Brief: Below is a block of entries; repeat exactly the lines starting at the line that contains "Imagen en la" and ending at the line that contains "Shun premier vs Kaji", both included.
━━ Entries shown
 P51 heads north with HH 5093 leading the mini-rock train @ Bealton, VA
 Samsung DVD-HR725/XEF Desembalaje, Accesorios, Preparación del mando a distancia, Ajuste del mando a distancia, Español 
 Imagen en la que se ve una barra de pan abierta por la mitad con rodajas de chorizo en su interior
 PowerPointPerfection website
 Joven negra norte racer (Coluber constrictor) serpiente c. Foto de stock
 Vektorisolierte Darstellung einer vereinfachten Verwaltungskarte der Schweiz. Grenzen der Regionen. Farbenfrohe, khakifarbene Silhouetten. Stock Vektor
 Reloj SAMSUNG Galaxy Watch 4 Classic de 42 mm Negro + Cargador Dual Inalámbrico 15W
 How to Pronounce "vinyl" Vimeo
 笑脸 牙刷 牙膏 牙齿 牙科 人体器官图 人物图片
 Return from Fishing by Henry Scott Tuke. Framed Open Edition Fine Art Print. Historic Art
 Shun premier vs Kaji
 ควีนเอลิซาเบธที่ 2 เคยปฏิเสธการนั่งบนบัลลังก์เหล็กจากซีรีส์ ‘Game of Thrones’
━━━━
Output for this task:
 Imagen en la que se ve una barra de pan abierta por la mitad con rodajas de chorizo en su interior
 PowerPointPerfection website
 Joven negra norte racer (Coluber constrictor) serpiente c. Foto de stock
 Vektorisolierte Darstellung einer vereinfachten Verwaltungskarte der Schweiz. Grenzen der Regionen. Farbenfrohe, khakifarbene Silhouetten. Stock Vektor
 Reloj SAMSUNG Galaxy Watch 4 Classic de 42 mm Negro + Cargador Dual Inalámbrico 15W
 How to Pronounce "vinyl" Vimeo
 笑脸 牙刷 牙膏 牙齿 牙科 人体器官图 人物图片
 Return from Fishing by Henry Scott Tuke. Framed Open Edition Fine Art Print. Historic Art
 Shun premier vs Kaji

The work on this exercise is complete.